- Instructions to follow:
Transcribe word for word each line from the one containing "1 - 360 - bluza" to the final line of the data, both included. Skip the pictures.

- Data segment:
[Start of section]

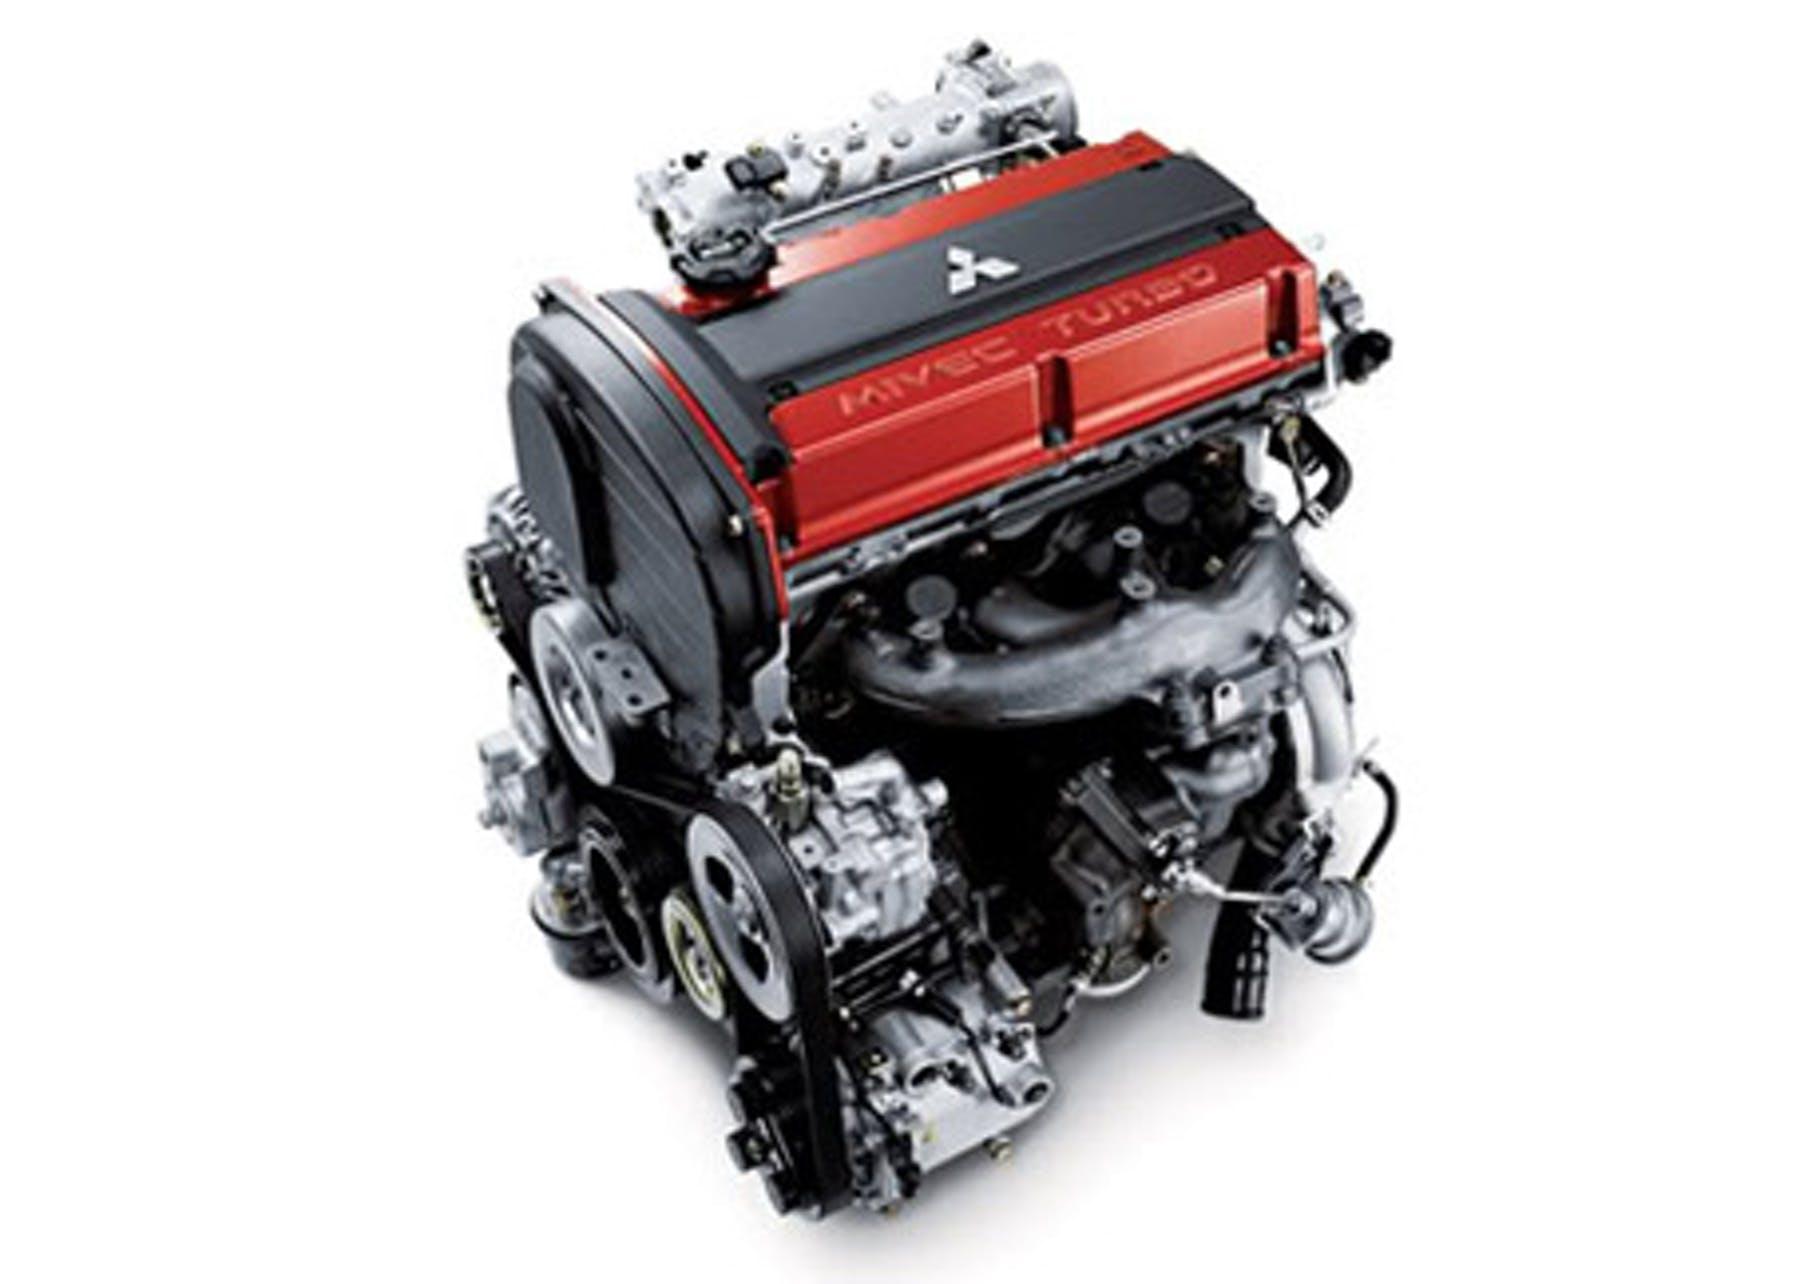 Mitsubishi JDM engines are great.
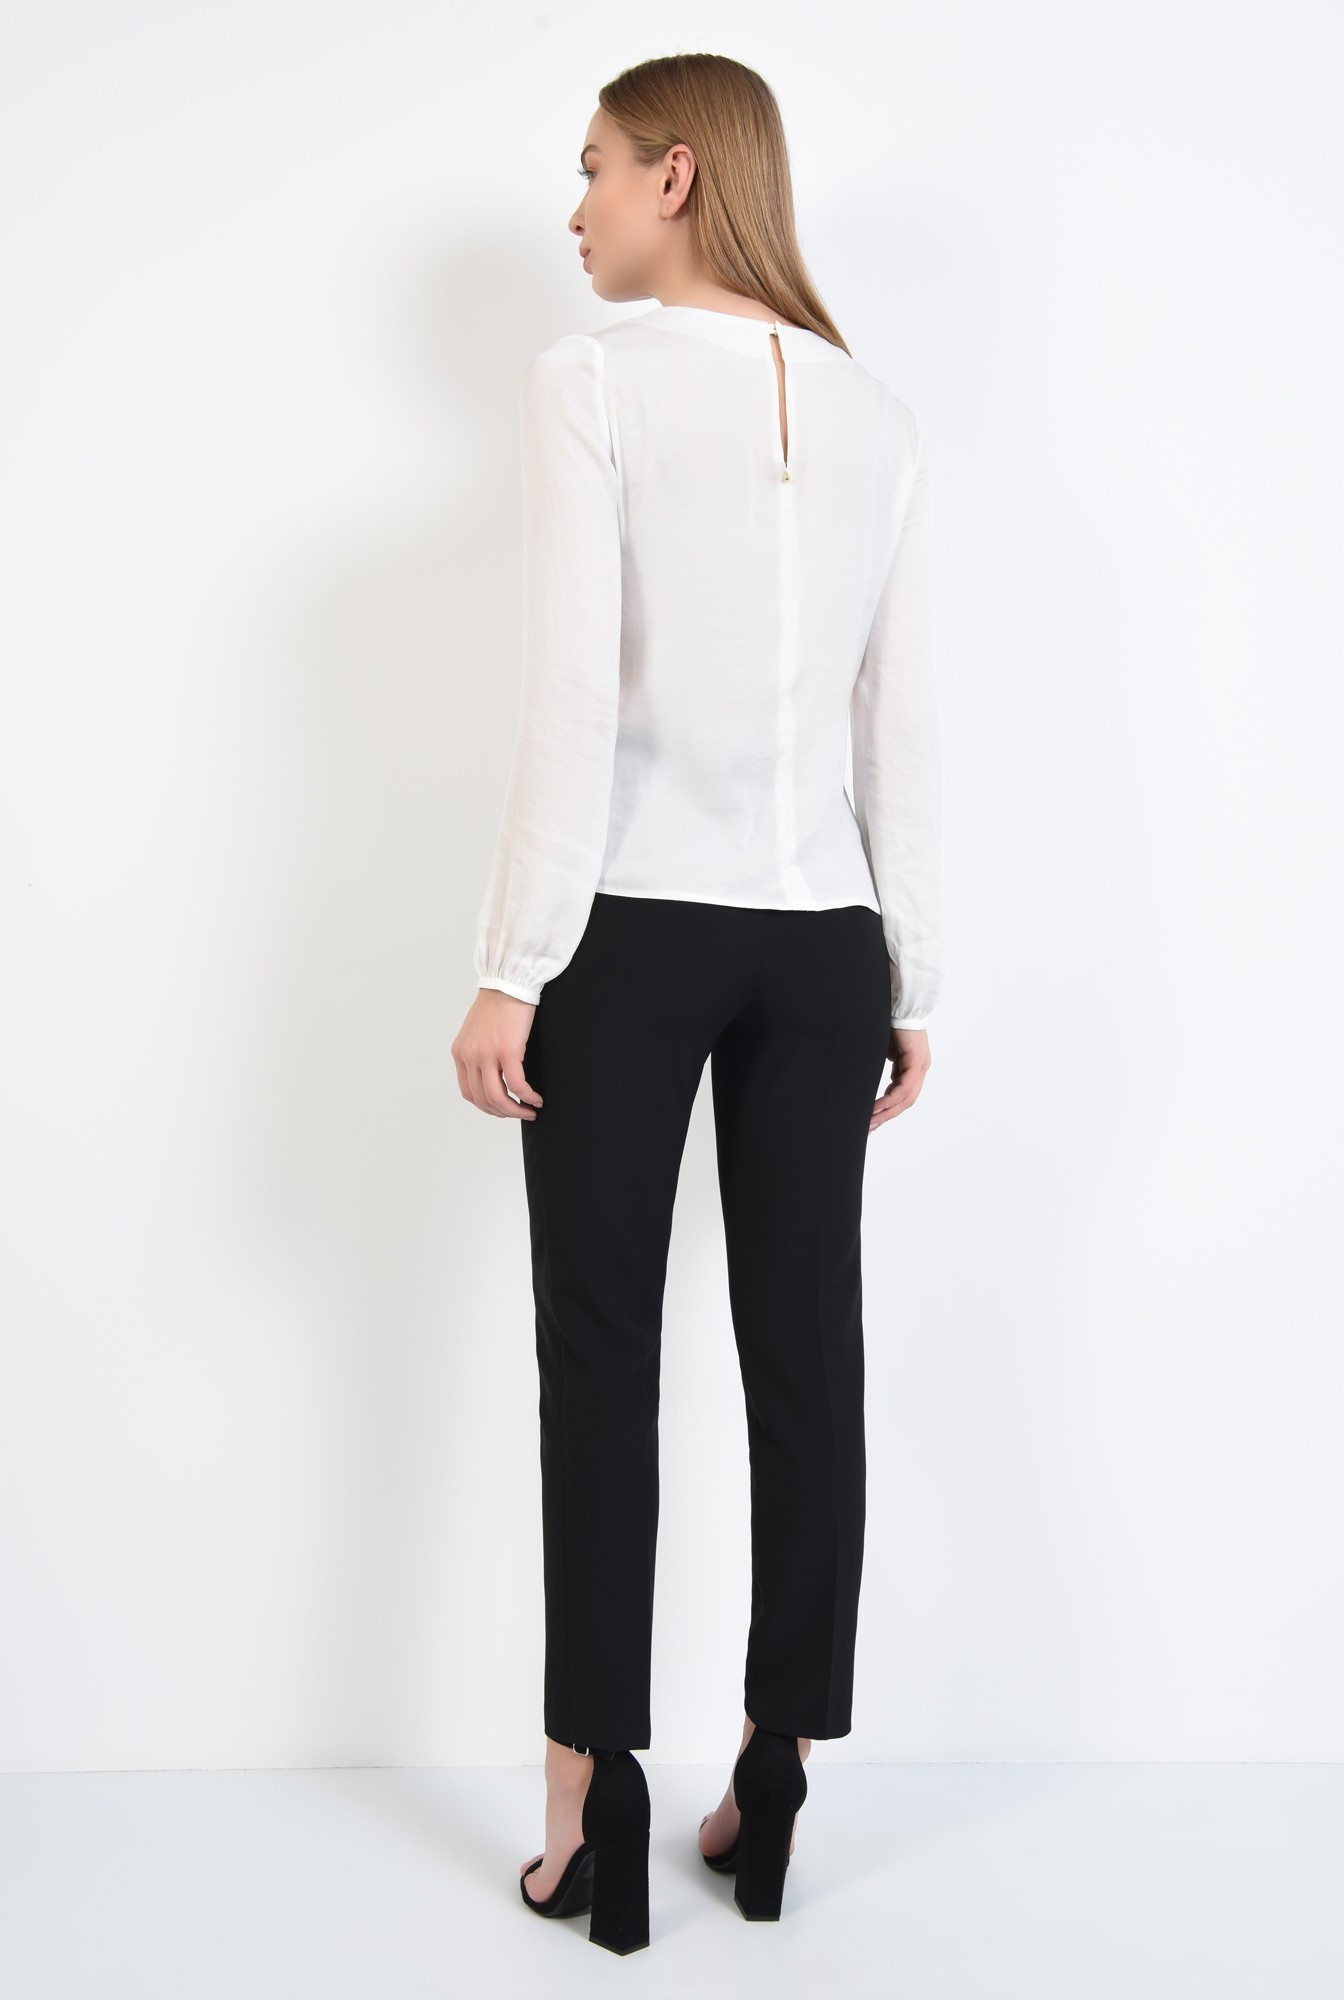 1 - 360 - bluza cu rips, casual, croi lejer, maneci lungi
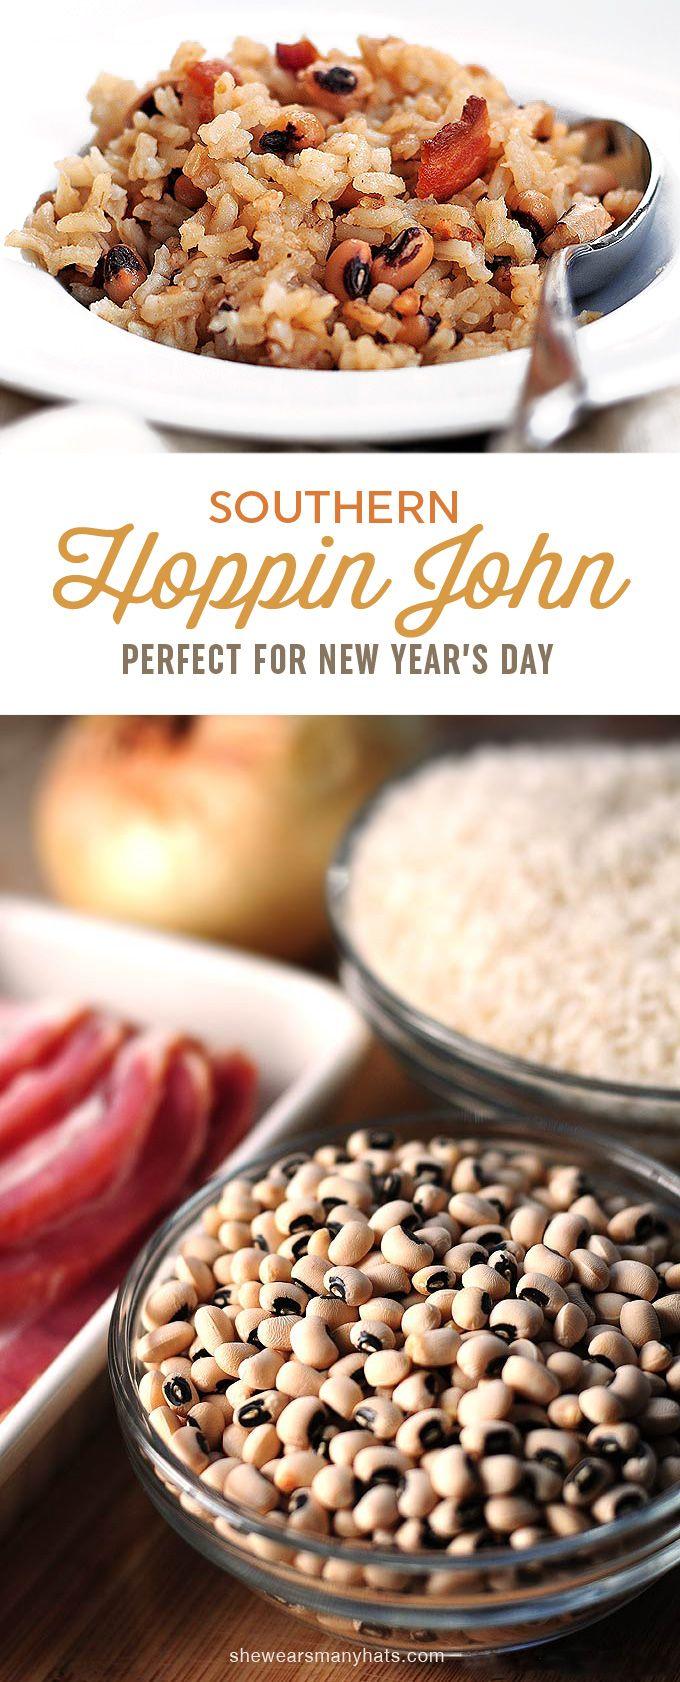 Hoppin John, a traditional southern dish enjoyed each year

[End of section]

- Exercise solution:
 1 - 360 - bluza cu rips, casual, croi lejer, maneci lungi
 Hoppin John, a traditional southern dish enjoyed each year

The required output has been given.